За время его отсутствия в городе многое изменилось. Чикаго был охвачен напряженной борьбой за нравственный образ жизни и подвергал атакам кабаки и устричные бары. Но Бринкли это не беспокоило: если ему придется вновь затаиться, то пусть это будут высшие сферы.

«Бреворт» считался одним из лучших отелей в городе. Его увешанный роскошными люстрами и уставленный обитыми красно-коричневой кожей креслами холл напоминал увеличенный раз в пятьдесят Гарвардский клуб. К нему примыкал бар, убежище для богатейших мужчин. Выполненный в розово-кремовых с зеленым тонах, украшенный позолотой и зеркальными прямоугольной формы колоннами, он переплюнул старушку Европу. В середине зала сверкала вкраплениями хрусталя круглая барная стойка.

Этот бар был не по карману Бринкли, но духовно он тянулся к нему, считая воплощением совершенства. Здесь собирались мужчины, которыми он восхищался, – грубые и шумные предприниматели с соответствовавшими их статусу брюшками и сигарами по доллару штука. Напитки здесь были крепкими, и воздух наполнял гогот – звук процветания.

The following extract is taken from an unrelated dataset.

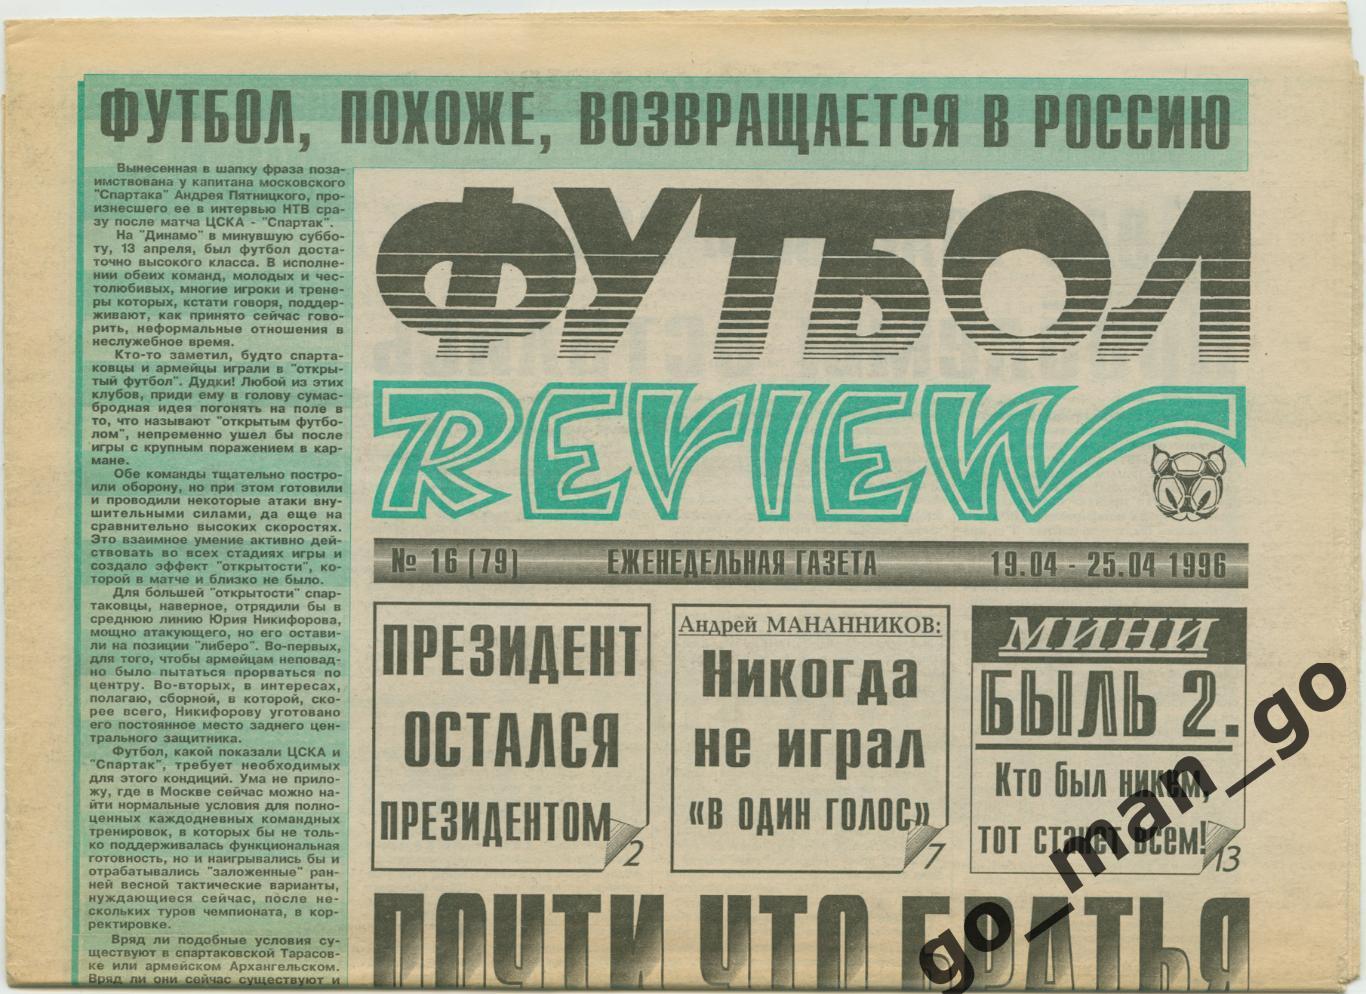 Еженедельник Футбол-Review (Футбол-Ревю), 19-25.04.1996, № 16.

Неудивительно, что встретиться с Джеймсом Кроуфордом Бринкли суждено было именно в этом баре. Оба были здесь белыми воронами, оба обращали на себя внимание жаждой приобщиться и одеждой, не совсем приличной для этой обстановки. Оба сидели в одиночестве. Возможно, однорукий Кроуфорд почувствовал в Бринкли врача. А может, каждый из них увидел в другом мошенника.

Они выпили. Кроуфорду было двадцать три года, и был он родом из Оксфорда, Миссисипи. Он сказал, что потерял руку на охоте, но даже сохрани ее и владея обеими руками, он вряд ли бы смог схватить ими бога за бороду, как это вскоре понял Бринкли.

Но все же он мог составить компанию. Более того, мог оказаться полезным.

3

Кристаллическое вещество, обладающее свойствами сильной щелочи; действует на ткани прижигающим образом. – Примеч. ред.